- Theatrical release poster
- Directed by: Neeraj Vora
- Written by: Anees Bazmee
- Based on: Udayananu Tharam (Malayalam) by Sreenivasan
- Produced by: Rajat Rawail Anil Kapoor Sunil Manchanda
- Starring: Akshaye Khanna Amrita Rao Arshad Warsi
- Cinematography: Ashok Mehta Johny Lal Arvind Soni
- Edited by: Rajiv Gupta
- Music by: Shankar–Ehsaan–Loy
- Production company: Anil Kapoor Film Company
- Distributed by: Indian Films
- Release date: 10 July 2009;
- Running time: 156 minutes
- Country: India
- Language: Hindi

= Short Kut =

Shortkut (also known as Short Kut: The Con Is On) is a 2009 Indian Hindi-language comedy film directed by Neeraj Vora and produced by Anil Kapoor under Anil Kapoor Films Company. The film stars Akshaye Khanna, Arshad Warsi, and Amrita Rao in lead roles. It was released on 10 July 2009 worldwide to negative reviews from critics.

The film was an uncredited remake of the Malayalam-language film Udayananu Tharam, itself inspired from the 1999 American comedy Bowfinger.

==Plot==
The story focuses on Shekhar, who is currently an assistant director, hoping to write and direct his own movies soon. His friend Raju is a struggling actor who has been waiting on Shekhar to write a film script so he can star in his movie. However, when Shekhar rejects him as the film's leading role, Raju decides to steal Shekhar's film script, star in the movie himself and release it without crediting Shekhar. The film is released and it turns out to be a blockbuster, propelling Raju to overnight stardom. Heartbroken Shekhar, now experiences a break-up with his girlfriend Mansi. Nonetheless, Shekhar writes a new and better film script and wants to star Raju in it, however when Raju rejects the script, Shekhar decides to film the movie without Raju ever knowing that he is in it. Shekhar and his low-budget film crew follow Raju around everywhere to complete their movie covertly. Eventually, when the movie is released, Raju's role in the film attracts embarrassment and humiliation but the film itself succeeds and Shekhar finally enjoys a taste of success in the film industry. In the end, an unfazed Raju decides not to change his ways but to again steal someone else's script.

== Cast ==
- Arshad Warsi as Rajesh "Raju" (King Kumar)
- Akshaye Khanna as Shekhar Giriraj
- Amrita Rao as Mansi
- Chunky Pandey as Guru Kapoor
- Tiku Talsania as Tolani
- Siddharth Randeria as Kantibhai
- Ali Asghar as Vikram “Vicky”, Mansi's brother
- Anil Kapoor as himself (special appearance)
- Sanjay Dutt as himself (special appearance)

==Soundtrack==

The film's soundtrack was composed by Shankar–Ehsaan–Loy, with lyrics penned by Javed Akhtar. The song, "Patli Galli" was split into two versions in the film, even though only one version was included in the soundtrack.

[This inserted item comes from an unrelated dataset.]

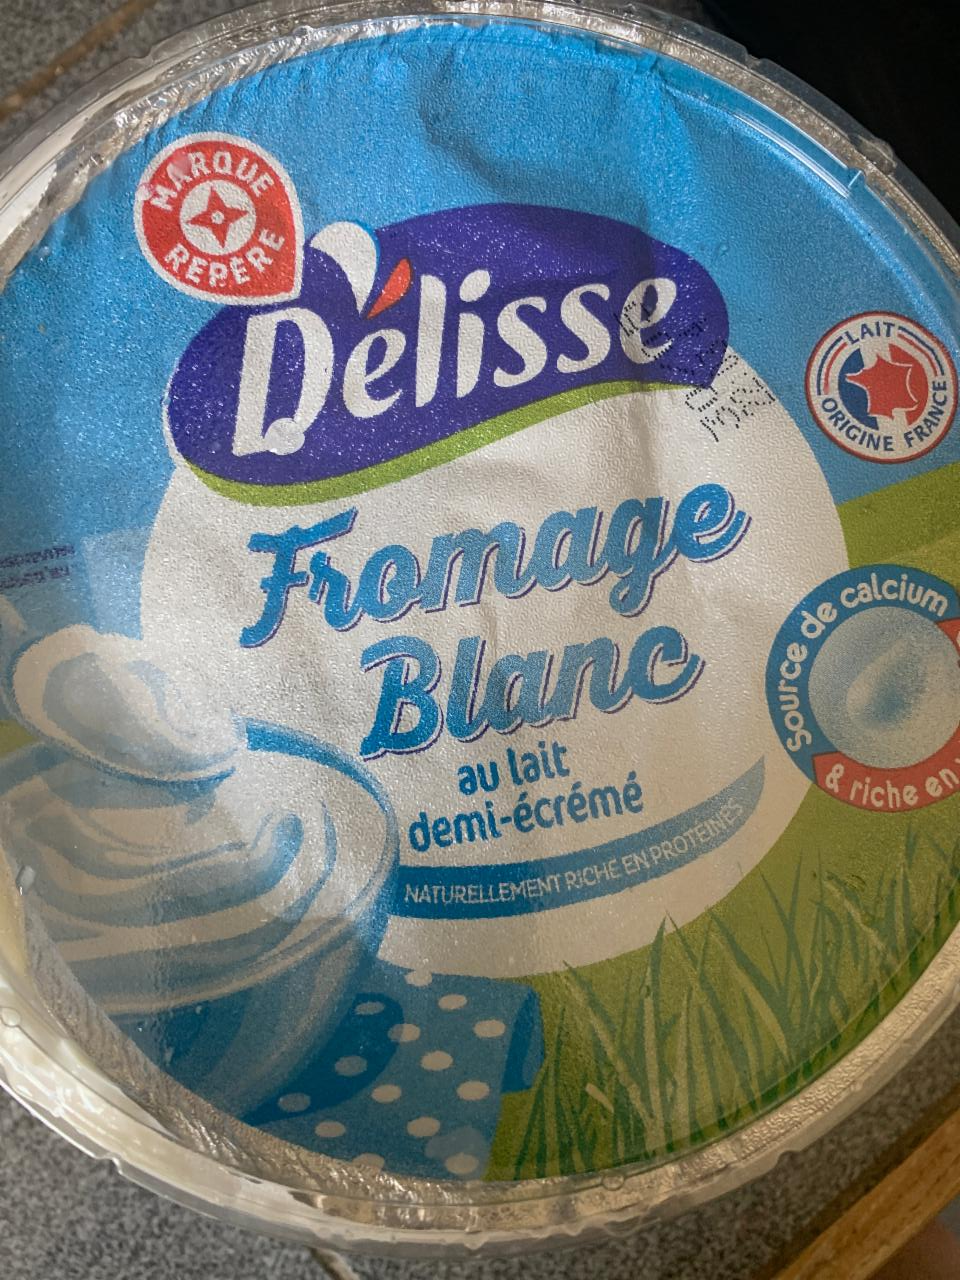 Fotografie - Fromage Blanc au lait demi-écrémé Délisse
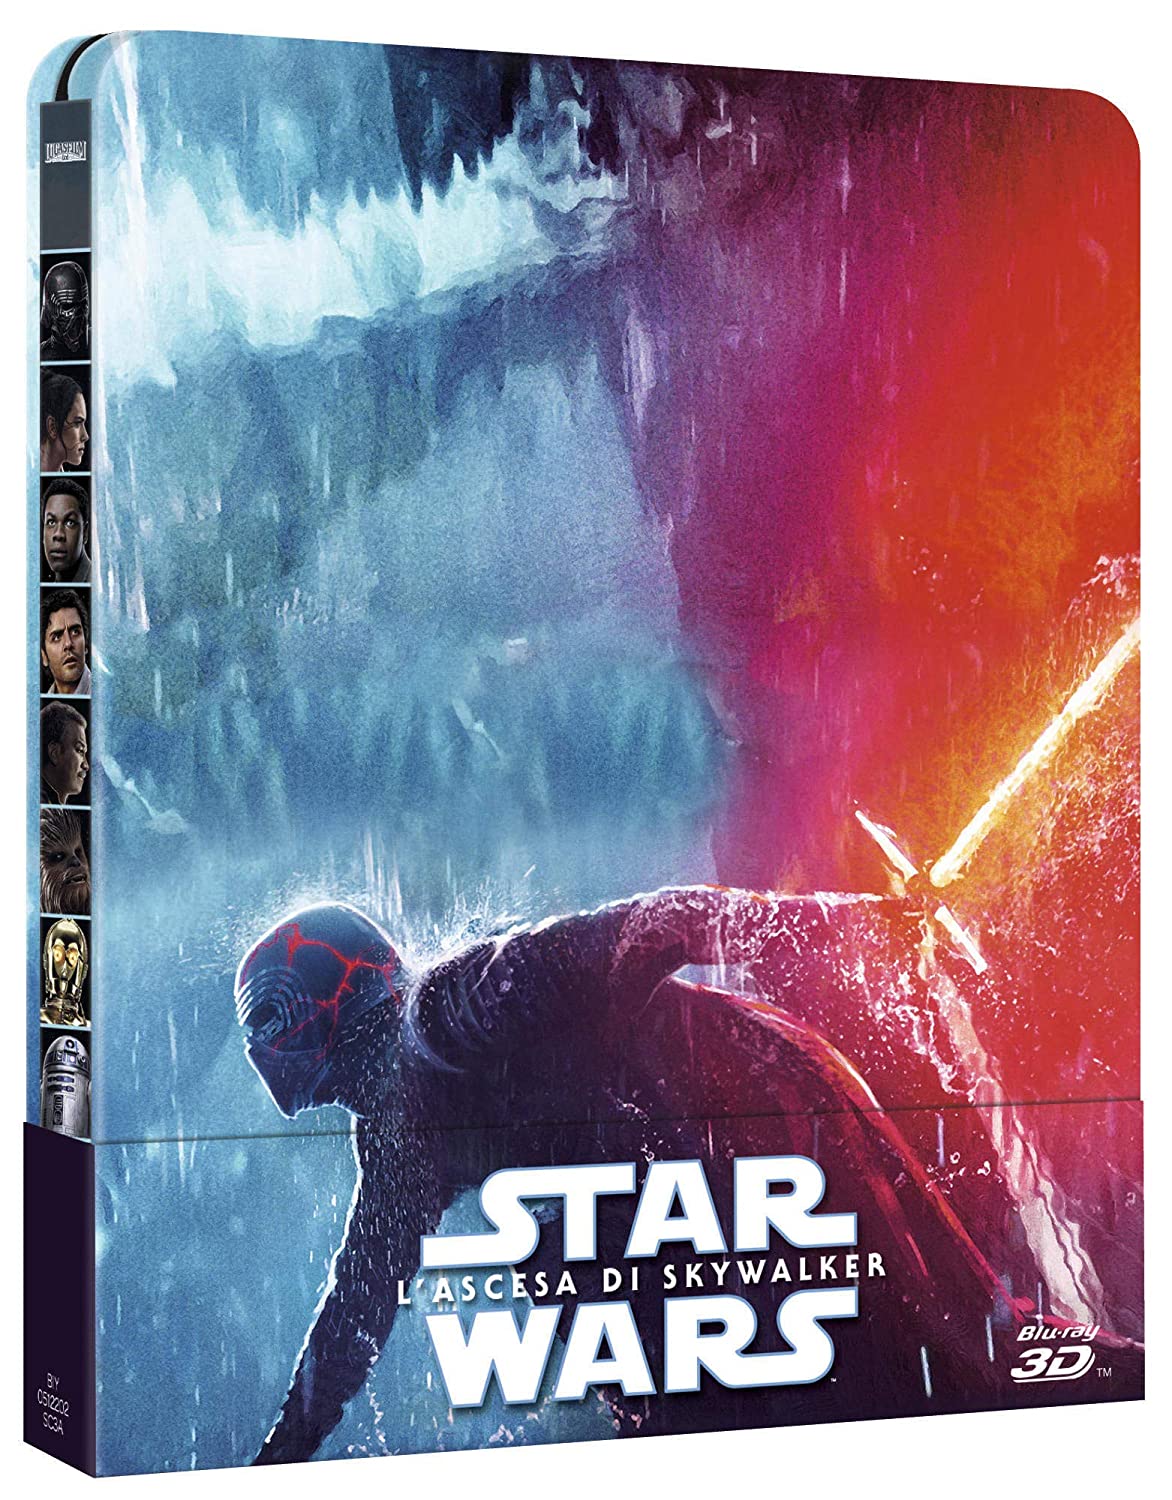 Star Wars L'Ascesa Di Skywalker 3D Steelbook (Limited Edition) (3 Blu Ray)

The soundtrack contains four original songs and three remixes.

Track listing
| No. | Title | Artist(s) | Length |
|---|---|---|---|
| 1. | "Patli Galli" | Shankar Mahadevan | 3:31 |
| 2. | "Kyun Hota Hai Dil Deewana" | Shreya Ghoshal, Javed Ali | 3:35 |
| 3. | "Mareeze Mohabbat" | Nikita Nigam, Keerthi Sagathia, Hrishikesh Kamerkar, Shankar Mahadevan | 3:59 |
| 4. | "Kal Nau Baje" | Alka Yagnik, Sonu Nigam | 4:13 |
| 5. | "Patli Galli" (Remix) | Shankar Mahadevan, DJ Nasha, Nucleya | 4:14 |
| 6. | "Mareeze Mohabbat" (Remix) | Nikita Nigam, Keerthi Sagathia, Hrishikesh Kamerkar, Shankar Mahadevan, DJ Nasha | 3:54 |

==Reception==
Taran Adarsh of Bollywood Hungama gave the film one out of five, writing, "On the whole, SHORT KUT - THE CON IS ON is a poor show all the way. A major disappointment." Shubhra Gupta of The Indian Express wrote, "Shortkut suffers from director Neeraj Vora's customary inability to infuse any newness or subtlety into a plot that could easily have gone the other way. It covers roughly the same ground as Zoya Akhtar's Luck By Chance,minus its craft and skill. Everything is loud and plastic, and the actors all chant their lines at the top of their voices." Gaurav Malani of The Economic Times gave the film 1 out of 5, writing, "The derived screenplay is patchy and its shows as writer Neeraj Vora struggles to script weak characters and weaker conflicts."